Está consagrado no art. 5º, LV da Constituição Federal de 1988, a regra de que "aos litigantes, em processo judicial ou administrativo, e aos acusados e, geral são assegurados o contraditório e ampla defesa, com os meios e recursos a ele inerentes".

Inicialmente, a garantia do contraditório e da ampla defesa consagrada da Constituição revogada aplicava-se apenas ao processo penal, sendo, com a promulgação da Constituição de 1988, alargado a todos processos administrativos e judiciais.

Clara manifestação do Estado Democrático de Direito, a garantia do contraditório traduz-se na ciência bilateral dos atos e termos do processo, com a possibilidade de contrariedade, ou seja, possibilitando a atuação das partes na formação da convicção do juiz. Ciência esta, que no processo civil é eventual e não necessária, enquanto no processo penal eleva-se ao status de obrigatório e necessário, não existindo, pois um réu sem defensor, posto que no processo-crime encontra-se em jogo o valor indisponível da parte – a liberdade.

Ao lado do contraditório tem-se outra garantia constitucional – o da ampla defesa. Esta mais utilizada no processo penal, onde há maior ênfase na posição do réu. Sendo o contraditório garantia entendida tanto ao autor quanto ao réu.


2. DO CONTRADITÓRIO E AMPLA DEFESA E SUA APLICAÇÃO NO INQUÉRITO POLICIAL

Após breve introdução a respeito das garantias do contraditório e da ampla defesa, deve-se agora refletir acerca da aplicação da regra contida no art. 5º, LV da CF/88 à fase do inquérito policial, revelando sua possibilidade ou não de aplicação.

Primeiramente, tem-se que analisar a natureza jurídica do inquérito policial. Sabe-se que uma característica inerente ao inquérito policial é o seu caráter inquisitivo, ou seja, as atividades nele desenvolvidas são presididas por uma única autoridade, agindo esta de ofício ou provocada, empregando as atividades necessárias para a execução do fim primário de todo inquérito policial – o esclarecimento do crime e da sua autoria. Diante disso, percebe-se que no inquérito policial predomina as atividades probatórias, a fim de embasar uma futura e eventual ação penal, tornando dissociada, desta fase, a figura do "acusado", existindo apenas o "indiciado".

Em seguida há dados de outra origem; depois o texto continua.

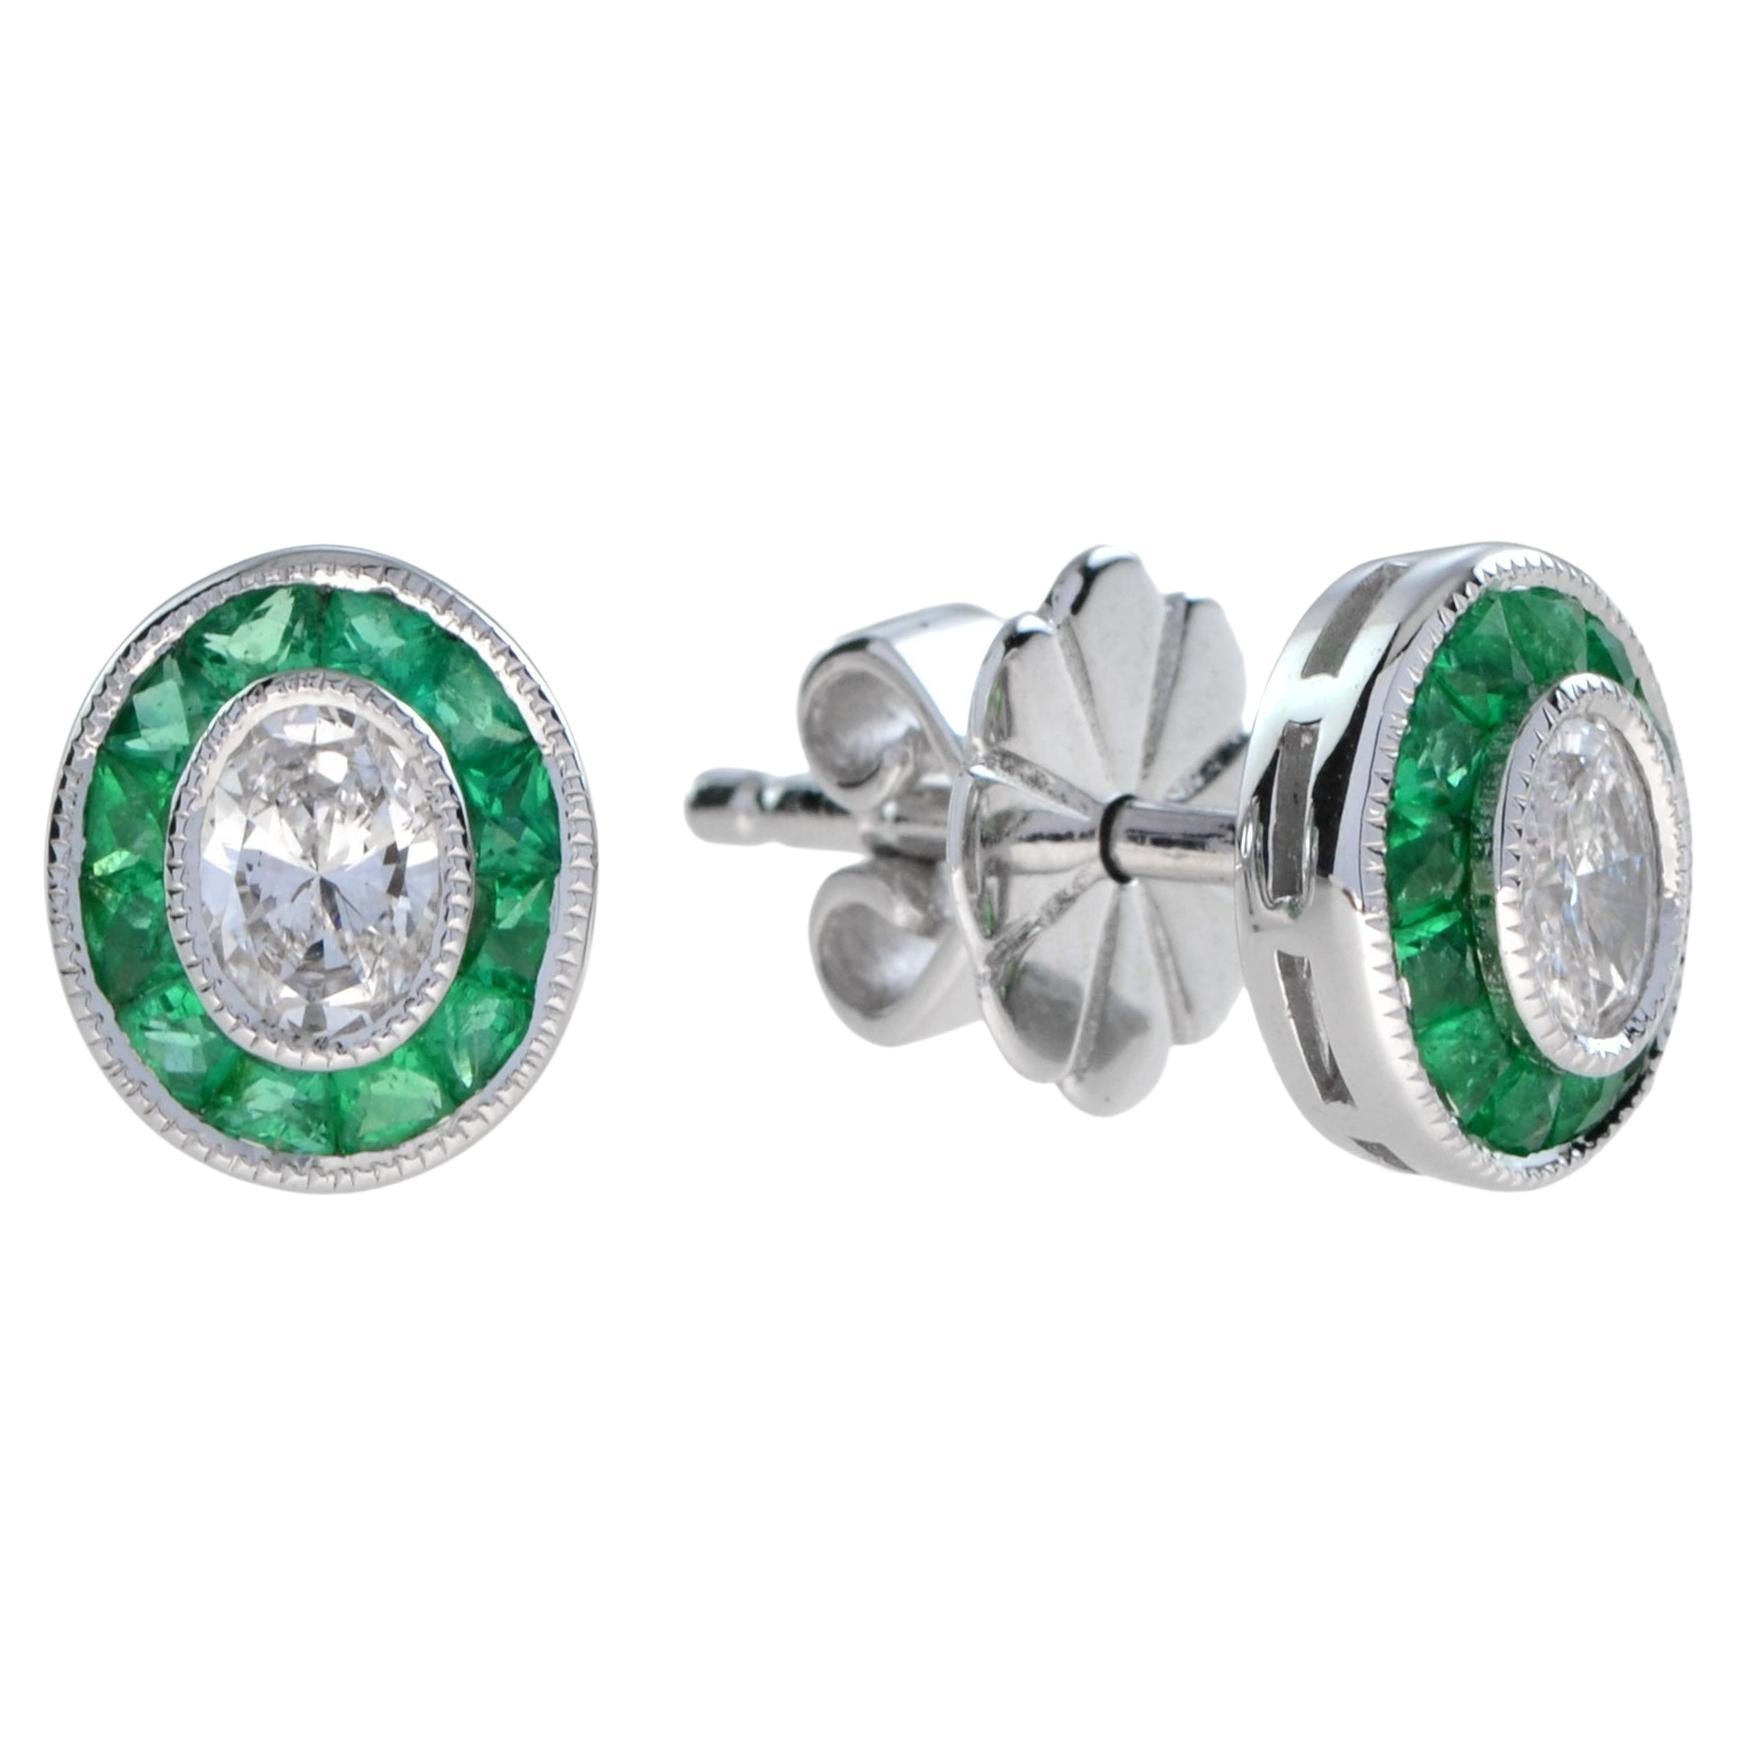 Diamond and Emerald Art Deco Style Target Stud Earrings in 18K White Gold

Como foi dito a garantia do contraditório forma-se pelo binômio reação-ciência. Apesar, de no inquérito policial está o indiciado incapaz de exerce-lo, na sua forma comissiva, deve ele, quando privado de sua liberdade, ser aplicado no seu segundo elemento – a ciência, através da Nota de Culpa. Apesar de não mencionada expressamente no art. 5º, LXIV, leciona José Frederico Marques, "que este artigo assegura os mesmo direitos contidos no referido documento. Esta consiste em ciência dos motivos da prisão imposta ao indivíduo colocado em custódia durante a fase investigatória, ou por motivo de prisão em flagrante delito (...)" (1). Neste rigor já é mansa nossa jurisprudência ao se referir à nota de culpa como requisito de prisão decorrente da investigação criminal, a exemplo: CONSTITUCIONAL – HABEAS CORPUS – PRISÃO EM FLAGRANTE –Não há que se falar em constrangimento ilegal quando o flagrante obedeceu todas as formalidades legais, tendo inclusive sido entregue a Nota de Culpa ao paciente, estando a Instrução Criminal rigorosamente dentro do prazo, não havendo qualquer coação prevista no 648 do Código de Processo Penal ensejadora de Habeas Corpus. 2) O Habeas Corpus tem seu alcance limitado, não sendo meio viável para se discutir matéria probatória, devendo tal assunto ser apreciado na Instrução Criminal. 3) Ordem denegada.(grifo nosso) (TJAP – HC 017895 – Câmara Única – Macapá – Rel. Des. Gilberto Pinheiro – DJAP 11.04.1995).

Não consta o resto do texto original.